Could you set down the listing below exactly and omit its images?

Stored data =>
┏━━

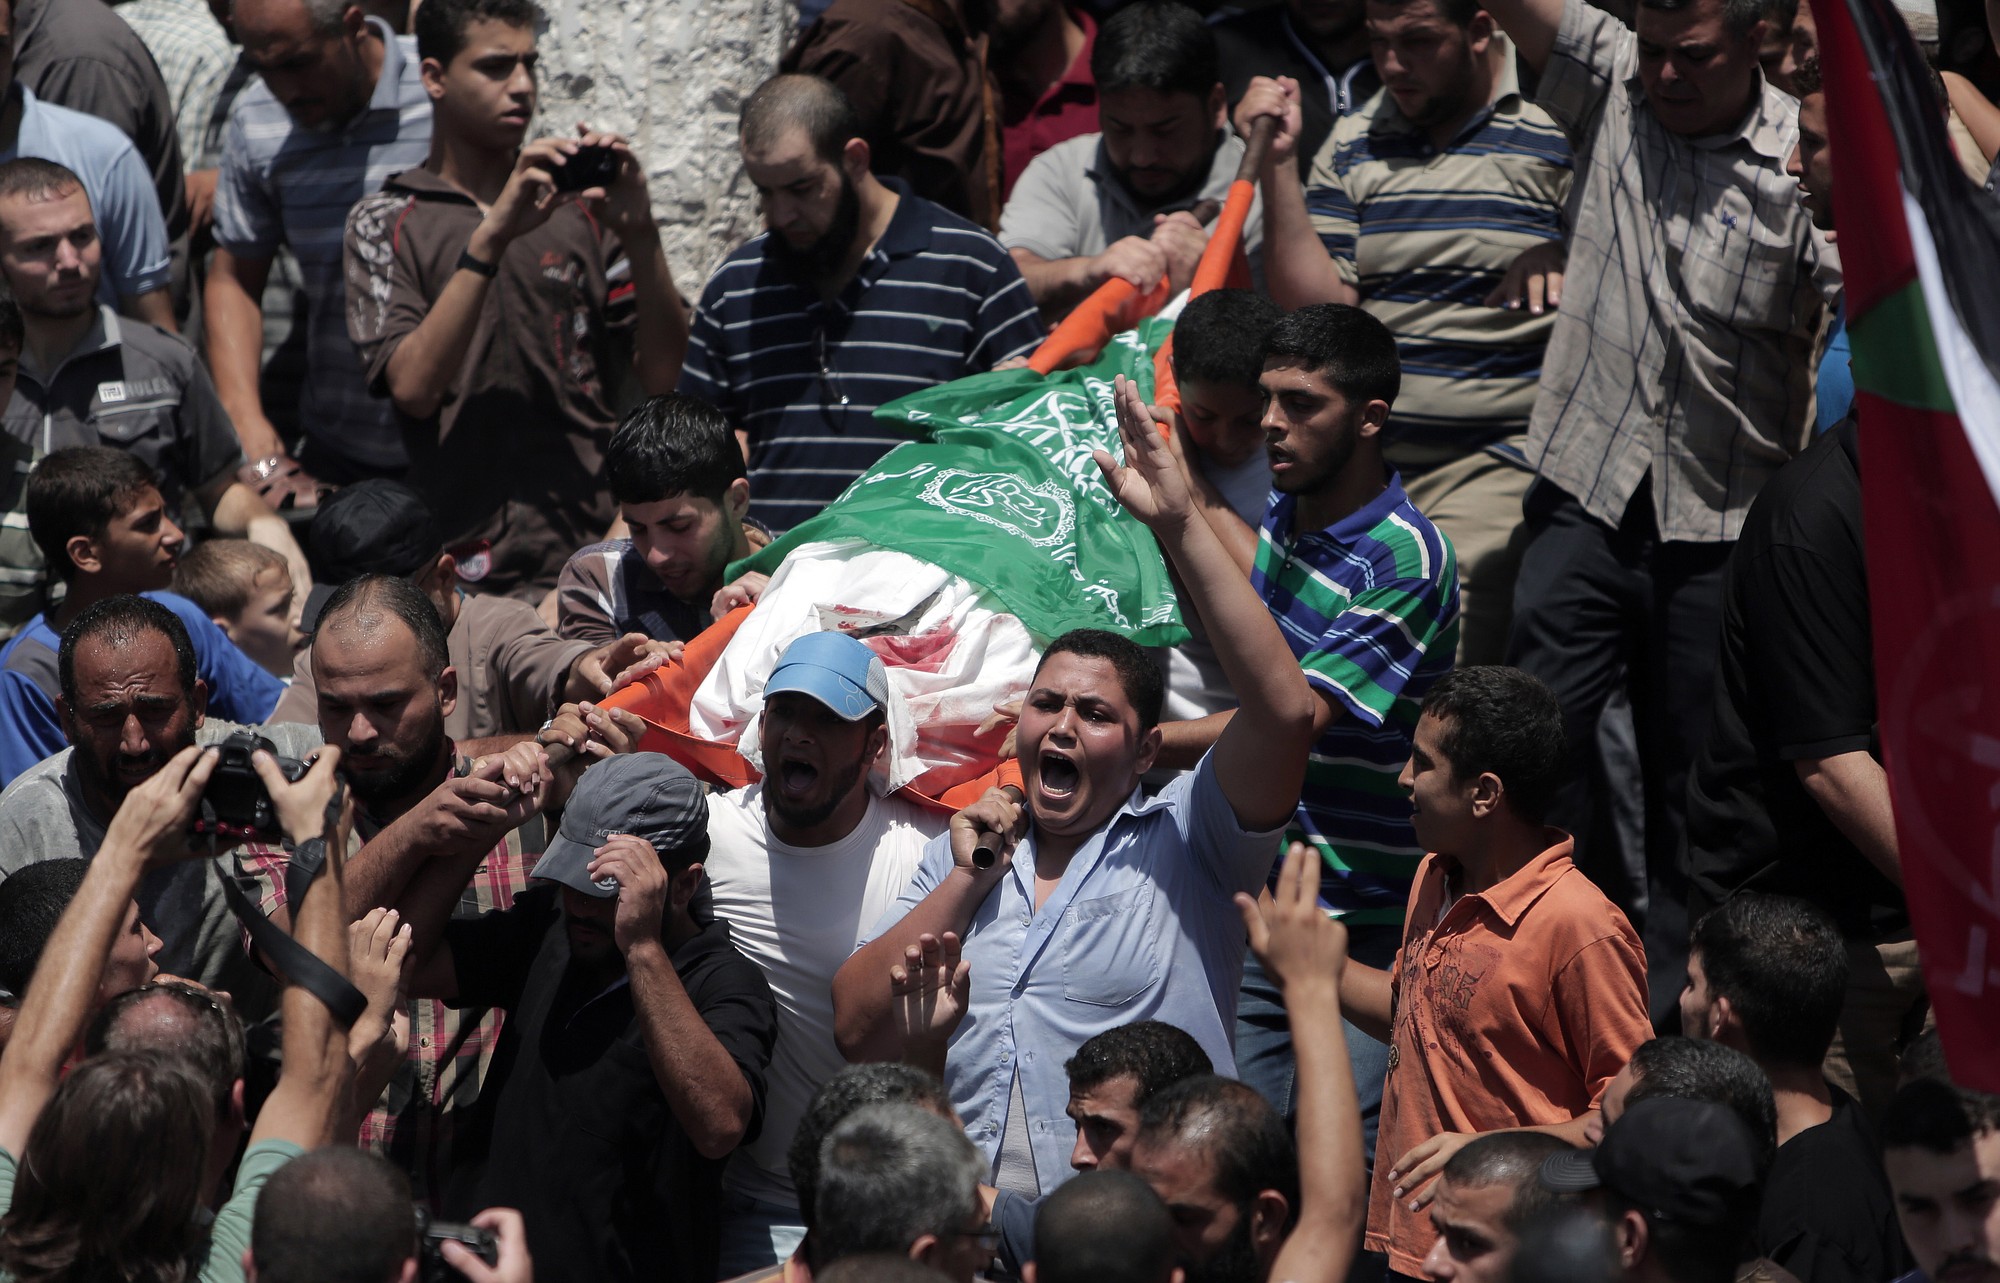 Mourners chant angry slogans during the funeral of Palestinian Widad Mustafa Deif, 27, who was killed along with her 8-month-old son Ali Mohammed Deif in Israeli strikes in Gaza City late Tuesday, during their funeral in Jabaliya refugee camp in the northern Gaza Stri on Wednesday.
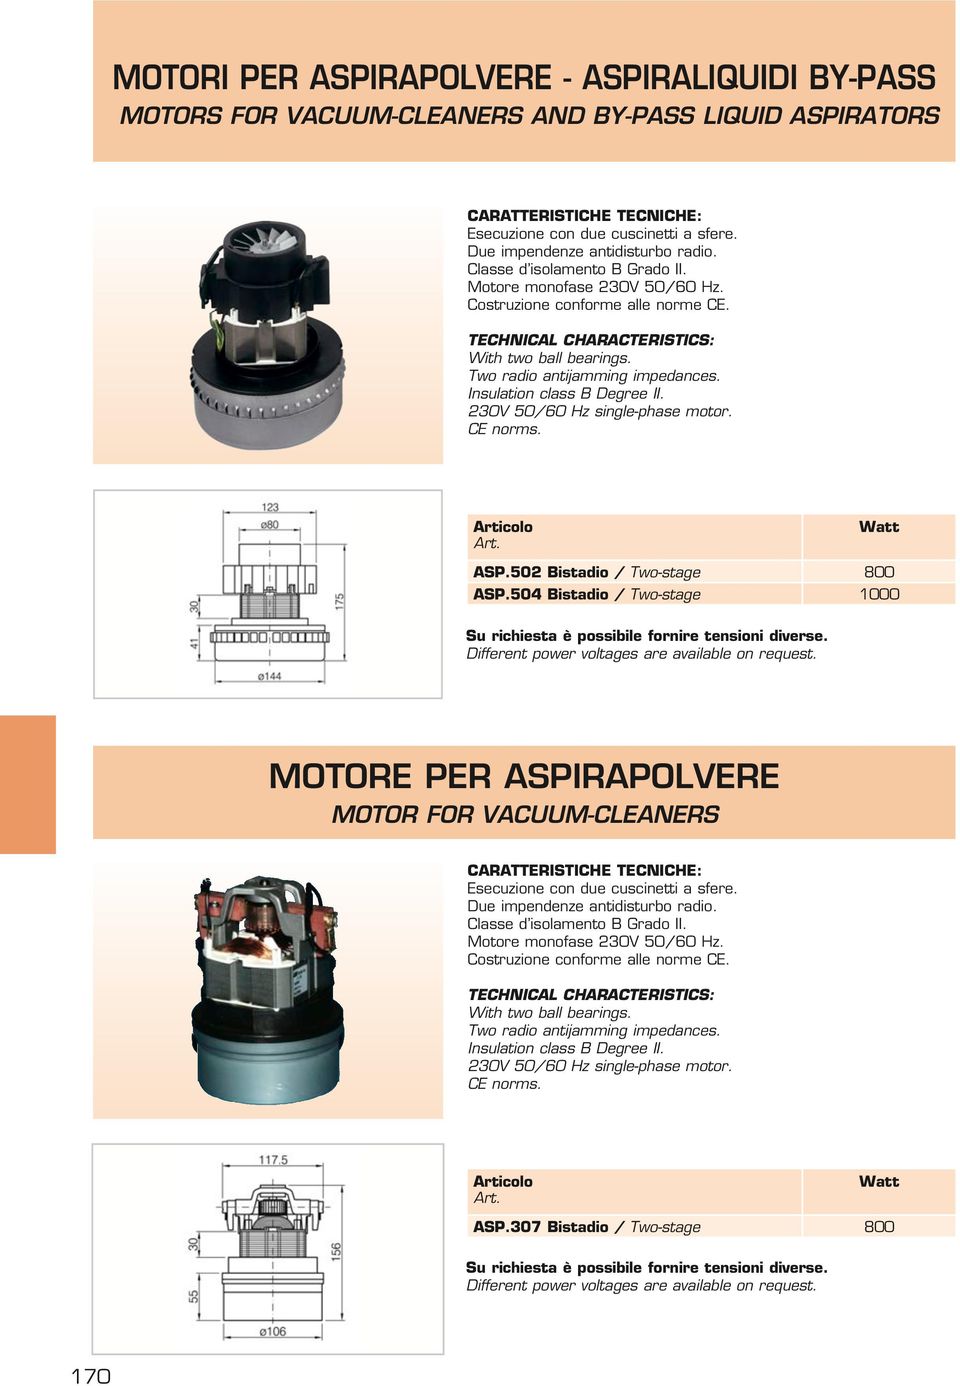 Insulation class Degree II. 230V 50/60 Hz single-phase motor. CE norms. Watt SP.502 istadio / Two-stage 800 SP.504 istadio / Two-stage 1000 Su richiesta è possibile fornire tensioni diverse.
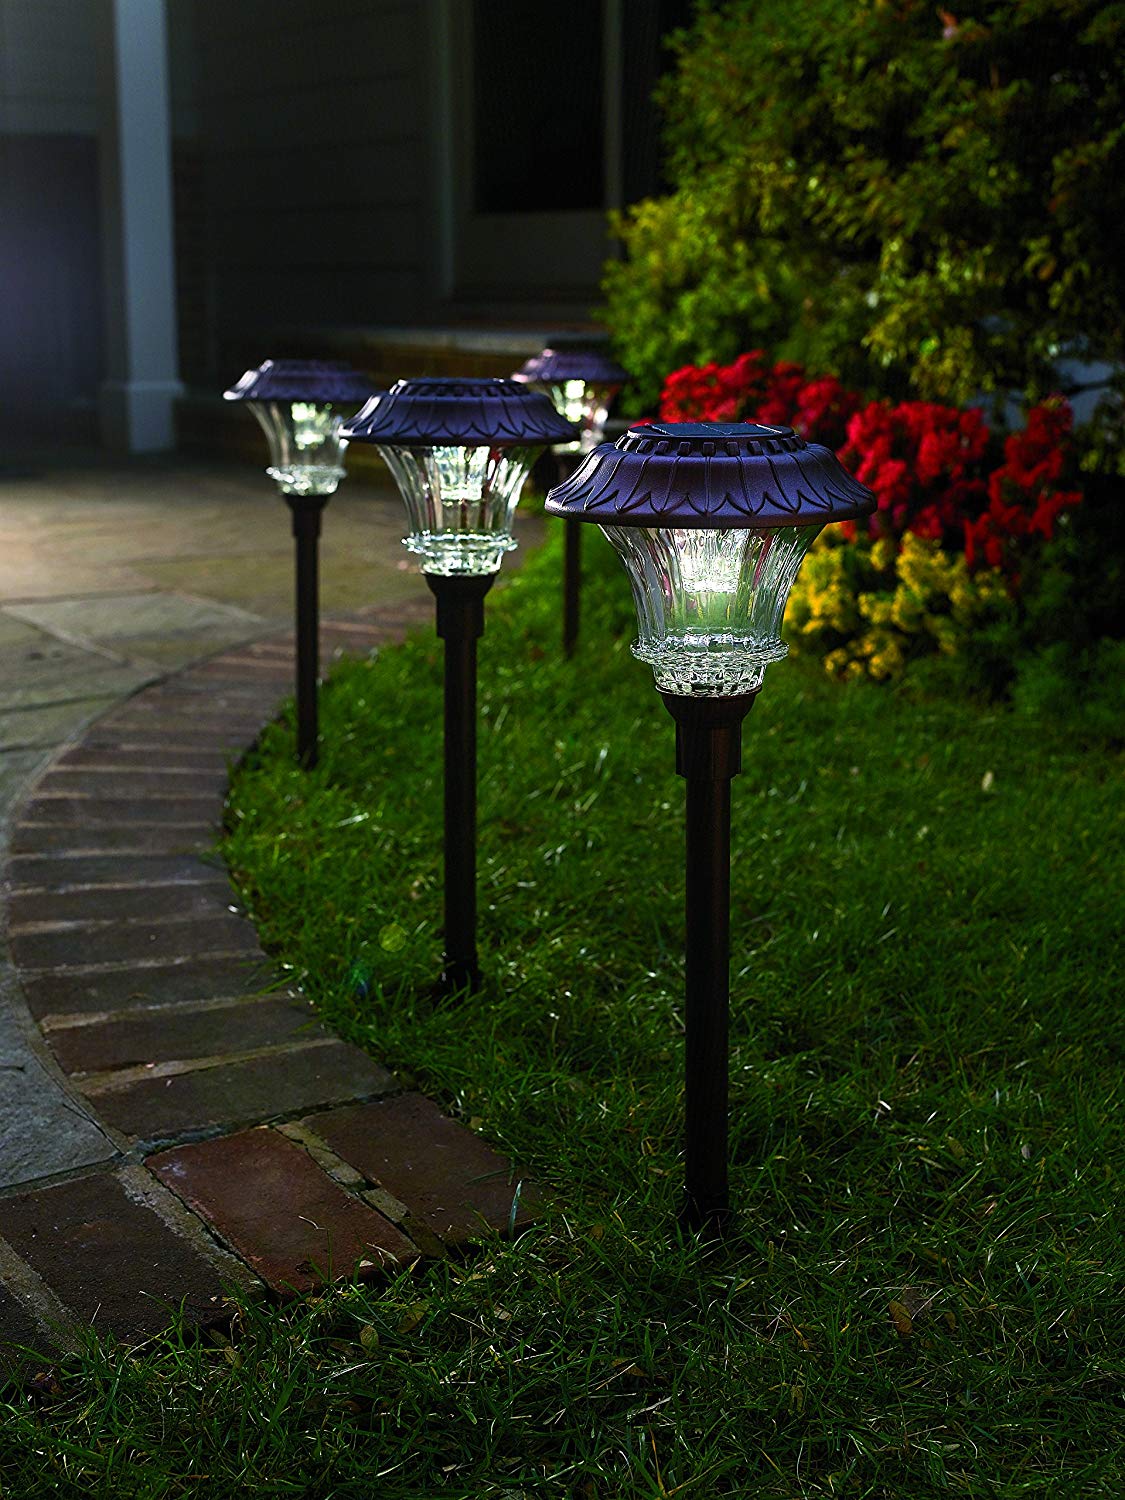 Top 10 Best Solar Path Lights in 2020 Reviews

┗━━

The completed task =>
 Mourners chant angry slogans during the funeral of Palestinian Widad Mustafa Deif, 27, who was killed along with her 8-month-old son Ali Mohammed Deif in Israeli strikes in Gaza City late Tuesday, during their funeral in Jabaliya refugee camp in the northern Gaza Stri on Wednesday.
 Insulation class Degree II. 230V 50/60 Hz single-phase motor. CE norms. Watt SP.502 istadio / Two-stage 800 SP.504 istadio / Two-stage 1000 Su richiesta è possibile fornire tensioni diverse.
 Top 10 Best Solar Path Lights in 2020 Reviews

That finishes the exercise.